Cette instrumentalisation du mariage forcé existe ailleurs. Ainsi, le Danemark a adopté, dès 2003, une nouvelle « règle de présomption » à l’intention des agents d’immigration afin de les guider dans leur évaluation des dossiers. Comme l’explique Mikkel Rytter [8], cette règle implique que les autorités vont systématiquement considérer un mariage entre des parents proches (par exemple, des cousins) comme étant un mariage forcé, donc irrecevable. En ce sens, l’objectif avoué de cette règle est d’entraver les pratiques de mariages transnationaux endogames, pratique que l’on trouve dans les groupes d’immigrants provenant de Turquie et du Moyen-Orient. Ainsi, de même que l’Allemagne justifiait ses nouvelles dispositions concernant les tests linguistiques par la nécessité de protéger les migrant·e·s potentiellement victimes de mariages forcés, le Danemark a motivé l’augmentation à vingt-quatre ans de l’âge minimum requis pour épouser une ou un citoyen danois en invoquant le besoin de protéger des migrant·e·s jeunes et vulnérables de la pression familiale [9].

Le Danemark a également instauré depuis 2000 le concept unique de « preuve d’attachement » (attachment requirement) auquel la majorité des couples mixtes doit se soumettre. Le concept de preuve d’attachement implique que les autorités évaluent si l’attachement combiné des deux partenaires au Danemark est plus élevé qu’envers tout autre pays tiers. Pour mesurer cet attachement, les autorités prennent en compte des éléments aussi divers que la facilité des deux partenaires à parler danois, le temps passé sur le territoire danois versus le temps passé dans d’autres pays, ainsi que la présence de parents dans des pays autres que le Danemark. Ironiquement, pour les conjoints provenant de l’Union européenne ou de l’Espace économique européen, cette preuve d’attachement n’est pas requise, mais plutôt remplacée par la nécessité d’une preuve de résidence valide. Ainsi, la mise en place de toutes ces mesures a entraîné une réduction de moitié de la migration de mariage en dix ans [10]. En 2011, les conjoints de citoyens et résidents permanents danois ne représentaient que 2 % de tous les permis de résidence octroyés [11].

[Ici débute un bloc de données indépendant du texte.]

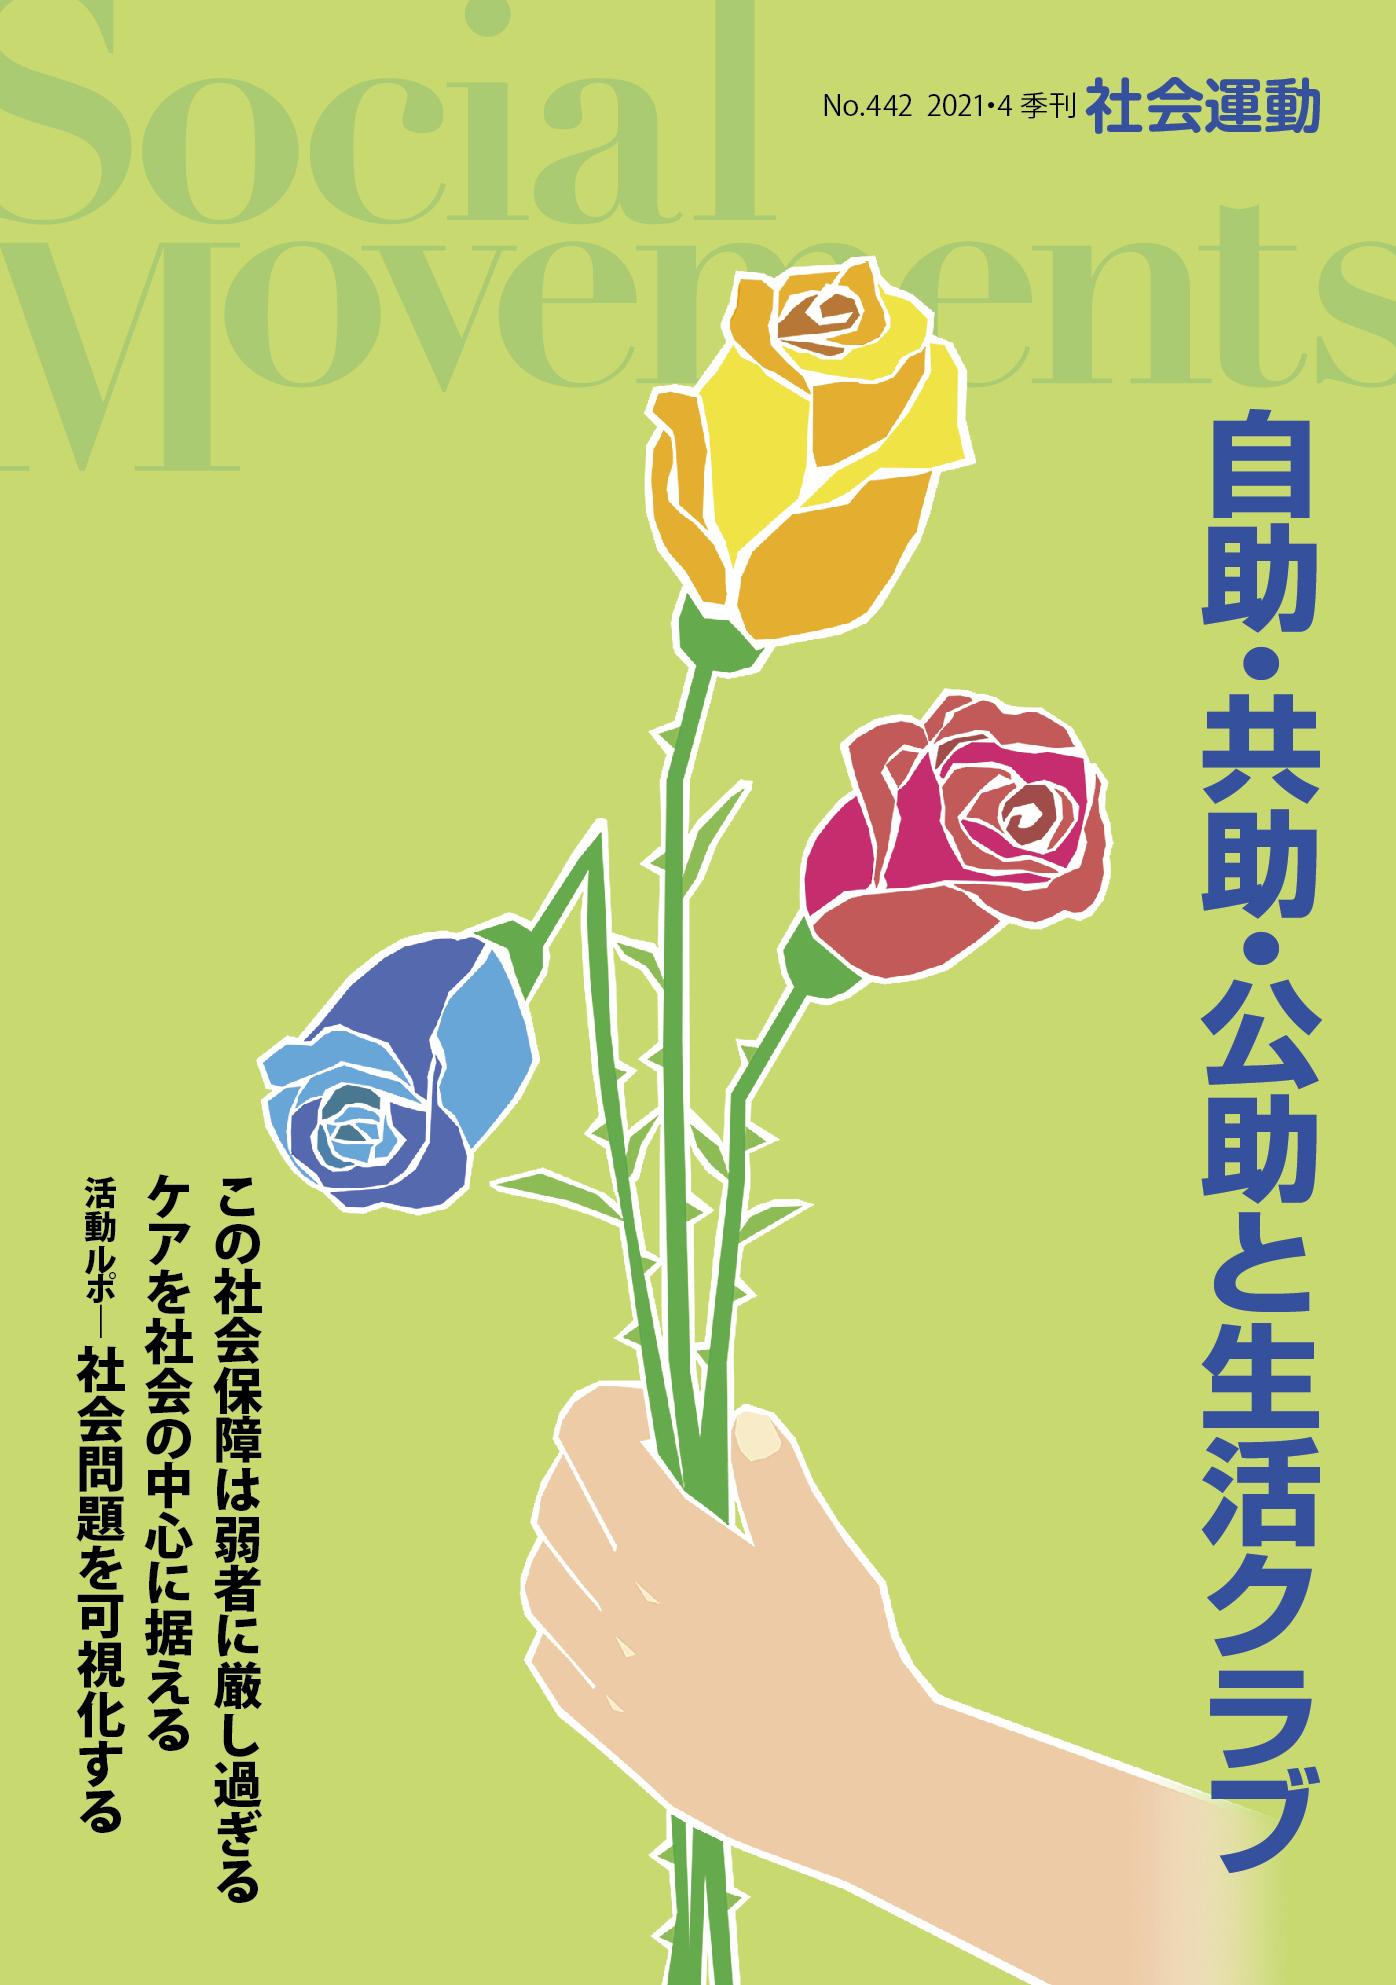 <好評発売中>季刊『社会運動』2021年4月【442号】特集:自助・共助・公助と生活クラブ

Le « risque de l’immigration »

Comme les illustrations précédentes l’indiquent, les mariages semblant dévier d’une perception de normalité sont considérés par l’État comme des unions « à risque ». Mais de quels risques parle-t-on exactement ? Il y a bien sûr le risque que les migrant·e·s deviennent une charge publique pour l’État. Mais de manière plus insidieuse, il y a également le risque que ces immigrant·e·s « ne s’intègrent pas » et constituent une cinquième colonne à l’intérieur de l’État, remettant en cause ses valeurs dominantes. L’invocation du respect du modèle républicain, de ses valeurs, « n’est convoqué ici, pour reprendre l’analyse de Danièle Lochak, que pour conjurer le spectre d’un communautarisme largement fantasmé dont la mise en exergue est une façon de stigmatiser la population immigrée : réputée spontanément rétive au respect des principes républicains  » [12].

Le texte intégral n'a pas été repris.